Мама посмотрела на него с укором. Выяснилось, что их места – прямо за подушечным семейством.
– Во время взлета и посадки подлокотники должны быть опущены, – предупредил Линду отец.
– Да мы с мамой уже срослись попами, – хихикнула Линда.
Роберт глянул в щелку между сиденьями. Как же они опустят подлокотники?!
После встречи с Подушками Роберт все вокруг воспринимал через призму мягкости. Даже острота черт некоторых людей, встреченных тем теплым податливым днем, когда они прилетели в Америку, среди усыпанных флагами тектонических разломов Среднего Манхэттена, казалась ожесточившейся мягкостью обманутых детей, которым родители велели быть готовыми ко всему. Для тех, кто был согласен на утешение, найти еду не составляло труда: тут и там стояли лотки с бубликами и орешками, тележки с мороженым, автоматы с разнообразными вкусняшками. Роберта так и подмывало перенять менталитет этого пасущегося скота – не простого, а индустриализованного, которому ждать еды было не нужно, да и нельзя.

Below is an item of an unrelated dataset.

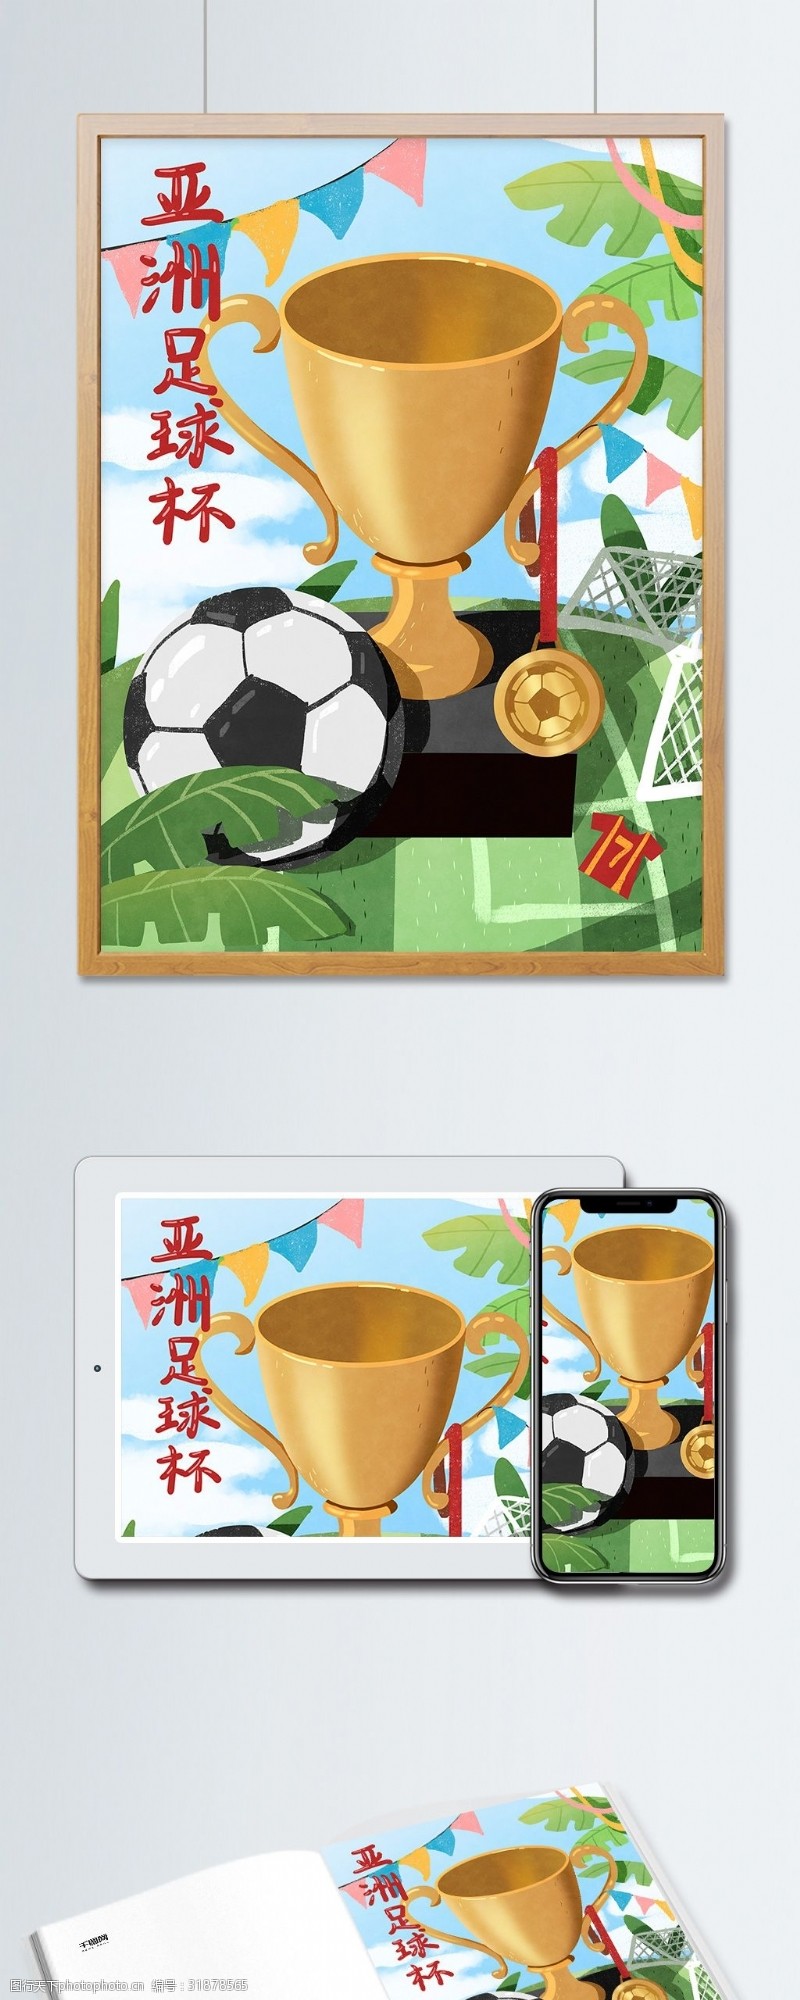 足球比赛奖杯亚洲足球杯足球奖杯宣传插画海报

В «Оук-баре» Роберт увидел у сигарного шкафчика целый ряд бледных и губчатых мужчин, похожих на грибы с толстыми ножками защитного цвета. Казалось, они изображают взрослых, у них такая игра. Они хихикали и перешептывались, как нашкодившие дети, которых вот-вот выведут на чистую воду, заставят вытащить подушки из-под рубашек пастельных оттенков и снять резиновые лысины. Глядя на них, Роберт чувствовал себя очень взрослым. За соседним столиком сидела старуха, которая облепила напудренными губами край коктейльного бокала и умело втянула в рот розовую жидкость. Она была похожа на верблюда, прячущего зубные скобки. В черной глянцевой миске на окне Роберт видел отражения входящих и выходящих людей, подъезжающих и отъезжающих желтых такси, больших каретных колес, которые сперва увеличивались, а затем уменьшались до размеров часовых шестеренок и исчезали.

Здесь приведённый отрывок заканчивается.